For the first couple of months, I used the small foot-high tripod mount that came with the dish to access the satellites. Sometimes, I climbed up the rear ladder on my RV and put it on the roof. But I worried about storms and high winds so I never left it up that way for very long.
Other times, I put the dishy on the ground or a picnic table. But when it was low to the ground like that, I basically had to be in an empty field to have a clear view of the sky.
Finally, in mid-May, I received a pipe adapter that had been on backorder from Starlink. That adapter allowed me to put it on the end of a telescoping flagpole and then mount the dishy on it.
The flagpole is known as the Flagpole Buddy and it comes in 22-foot and 16-foot lengths. I chose the 16-footer because it collapses down to a little over 5 feet in length and easily fits in the pass-through storage cabinet on our RV. Here’s a link to the flagpole kit.
The flagpole attaches to the rear ladder on our RV. The upper mount fastens to the top left of the ladder and is a twist mount. You insert the flagpole at an angle and sort of twist it into the mount. The lower mount is a cup to hold the bottom of the flagpole.
I mounted it at the 5-foot level, meaning you can easily lift it up and insert it into the cup from the ground once you have the pole in the upper mount.
When fully extended, the Starlink dish is about 21 feet off the ground.
That height is very helpful in giving me pretty much a horizon to horizon view of the sky.
If you like to boondock in heavily forested areas, those trees are going to interfere with reception.
Get the dish as high as you can.
Starlink provides an app that will let you scan the sky and tell you whether you are in a good area.
When I tried it without the height a month ago, down on the property we’re developing as a private RV retreat, the pine trees around our campsite posed a problem. I’m hoping for better luck when I go down again and try it with the flagpole mount.
I’ve been collecting screengrabs of my speed results using different testing service over the past week and there are some minor variations day to day.
That’s because Starlink does prioritize local traffic – people operating from their registered home area – over those who are using portability and just visiting an area.
Still my download speeds have been excellent, generally equal to or better than what I would expect through cable at my home.
Upload speeds have been markedly less impressive. In some cases, they have not been good enough, for example, to do livestreaming.
Here are two showing some of the variations.
These tests were all done from the Addison Oaks County Park Campground in Leonard, MI. The weather was a mix of clouds on some days, and clear on others. Even with a light rain earlier in the week, I saw no real effect on connectivity caused by the weather.
Just to show you the difference between Starlink and the normal cellular Internet speed I get with my Verizon access, here’s a screengrab of that speed.
Download speed was excellent, but a bit less than Starlink. However, upload speed with Verizon, was much better. And for me, upload speed – because we do so many livestreams – is at least if not more important than download speed.
So who is Starlink for?
Well, remember it is not completely built out yet. It will get better.

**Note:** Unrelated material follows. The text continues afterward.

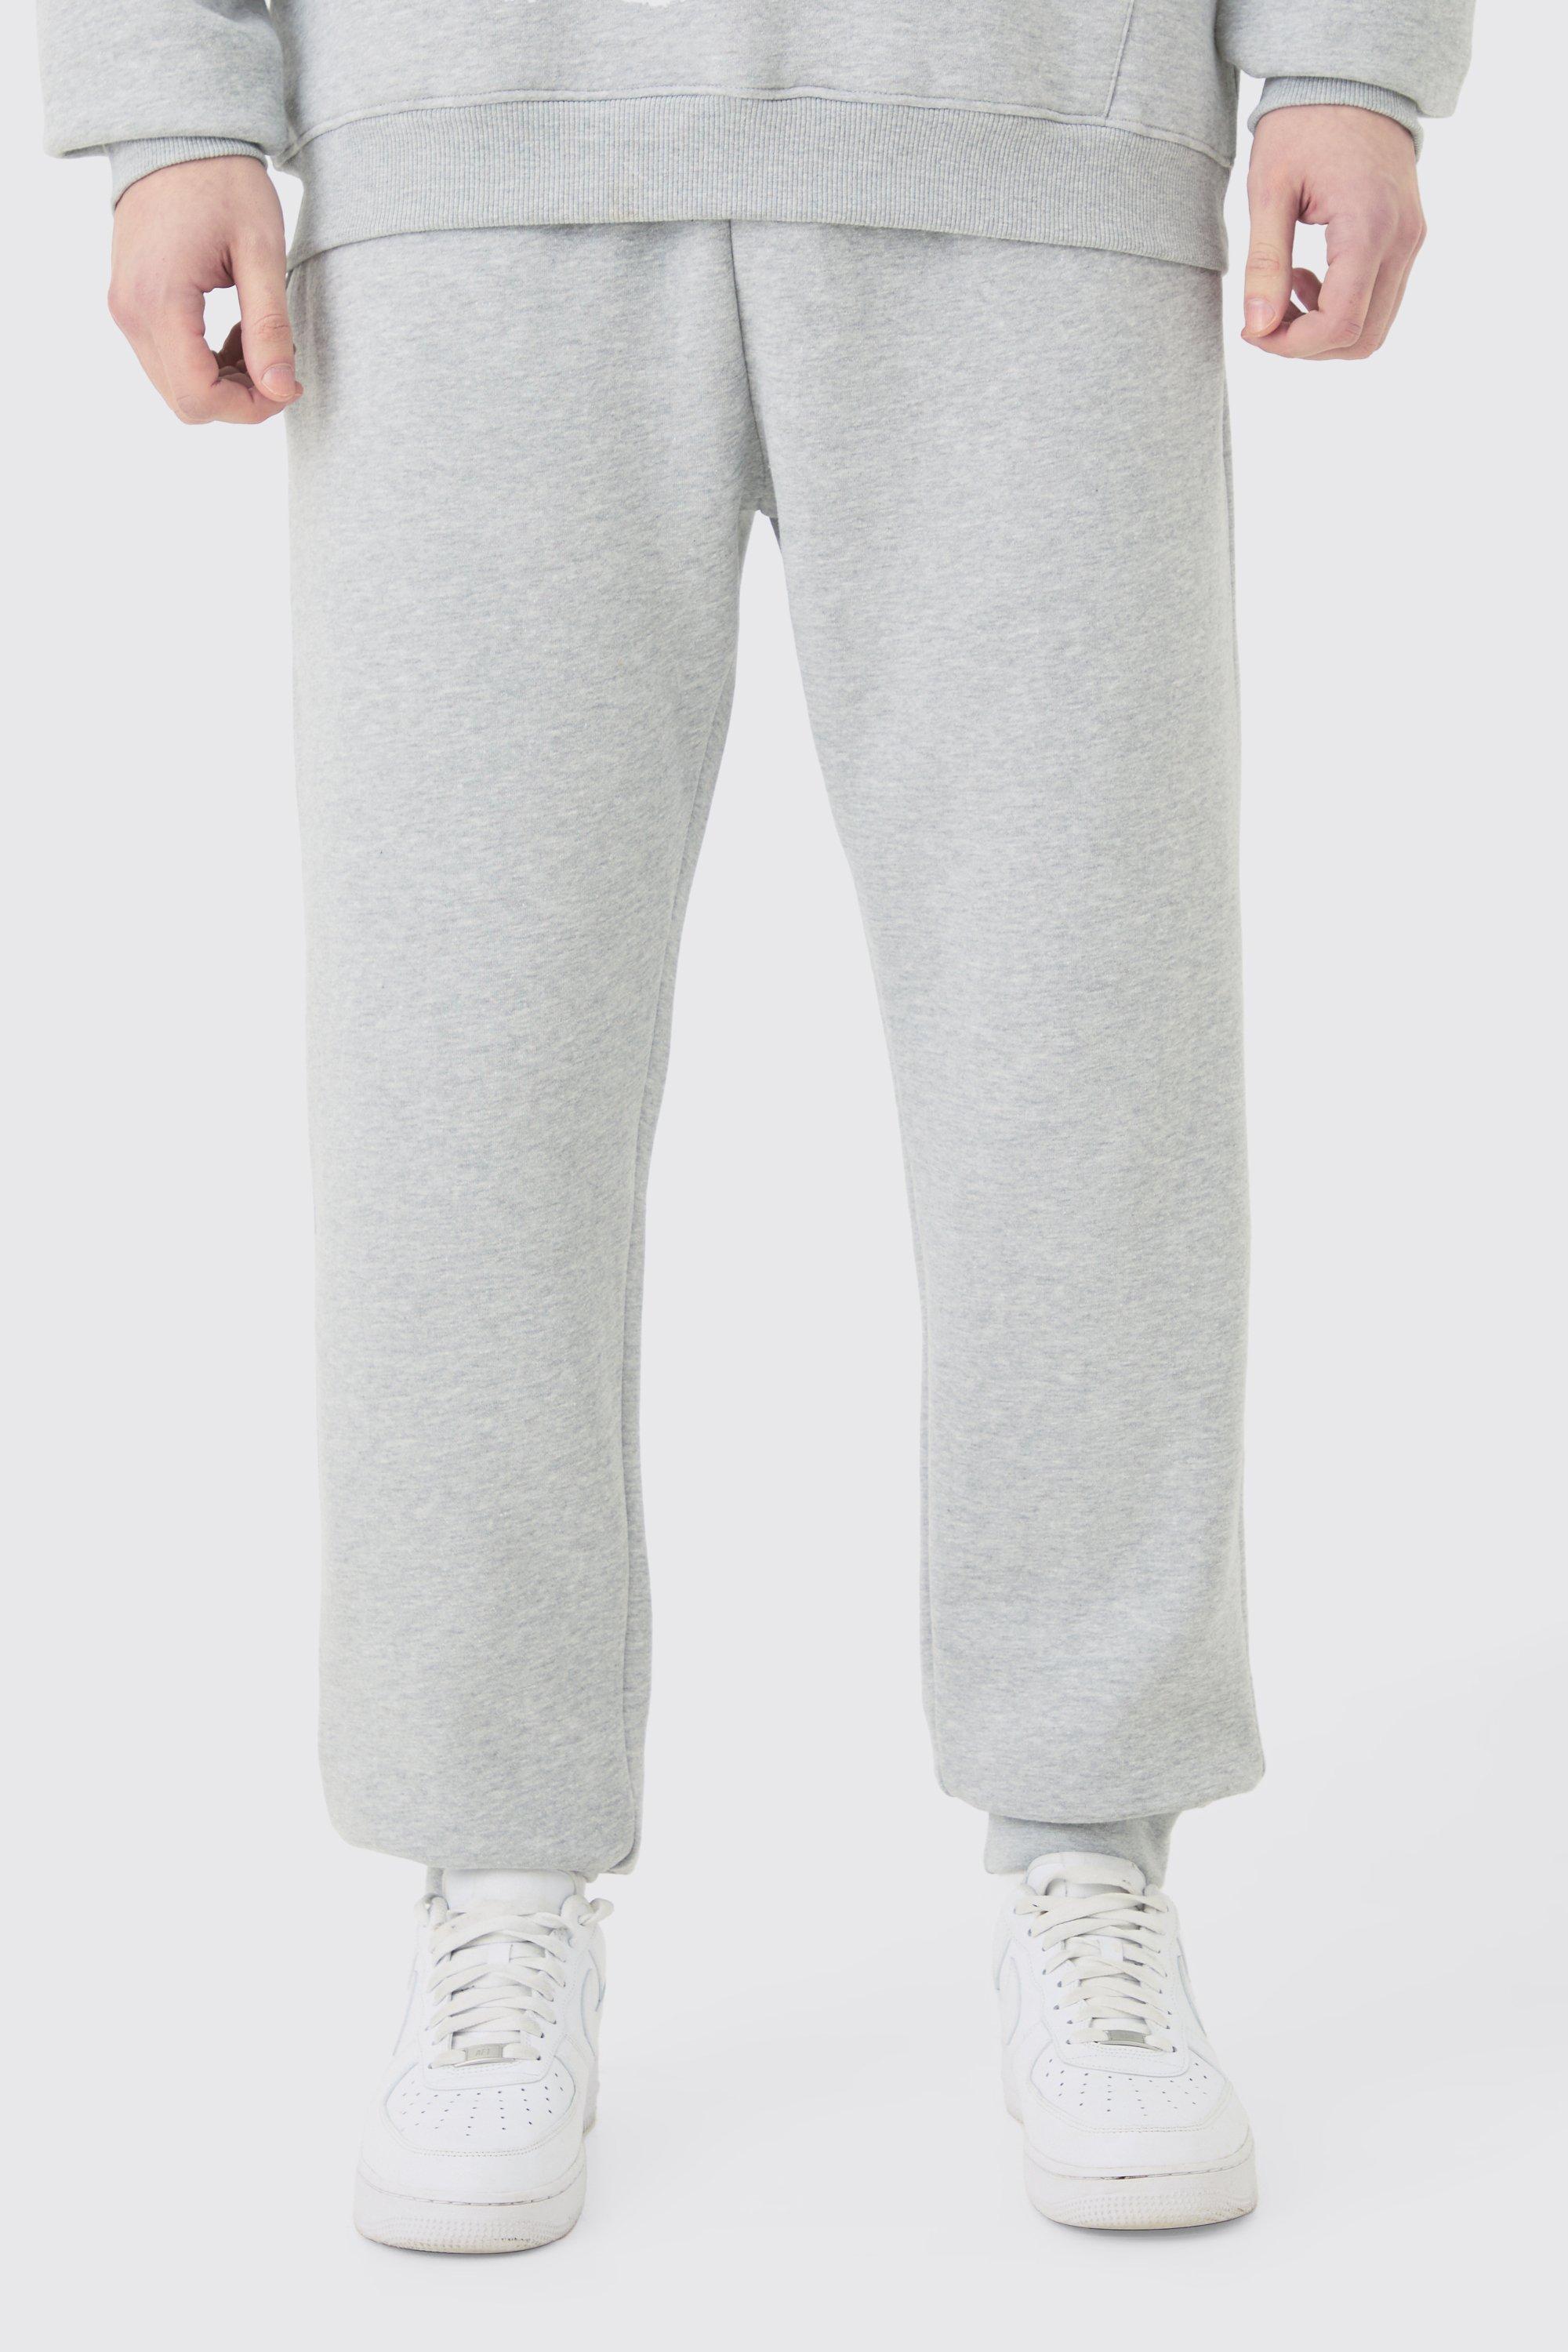 Image of Tall Basic Jogger In Grey Marl, Grigio

Each month, about 50 new satellites come online. Right now, there are about 2,500 in operation. Eventually, the constellation will be many times more.
Musk has said he plans to have 40,000 satellites in the Starlink system.
But right now, I’d say if you are a remote worker or fulltime RVer who does a lot of boondocking, having Starlink would be a no-brainer. Service is good throughout much of the continental US (with the exception of Alaska and some western states) and much of Canada.
That said, I need to repeat that if you boondock in heavily forested areas, Starlink will not perform very well. For optimum performance, it really does need a clear view of the sky from horizon to horizon.
However, if you are a weekend and holiday RVer only and you spend most of your time in places where there is already good wi-fi and cellular coverage, I’d say hold off. It really won’t add that much to what you already have.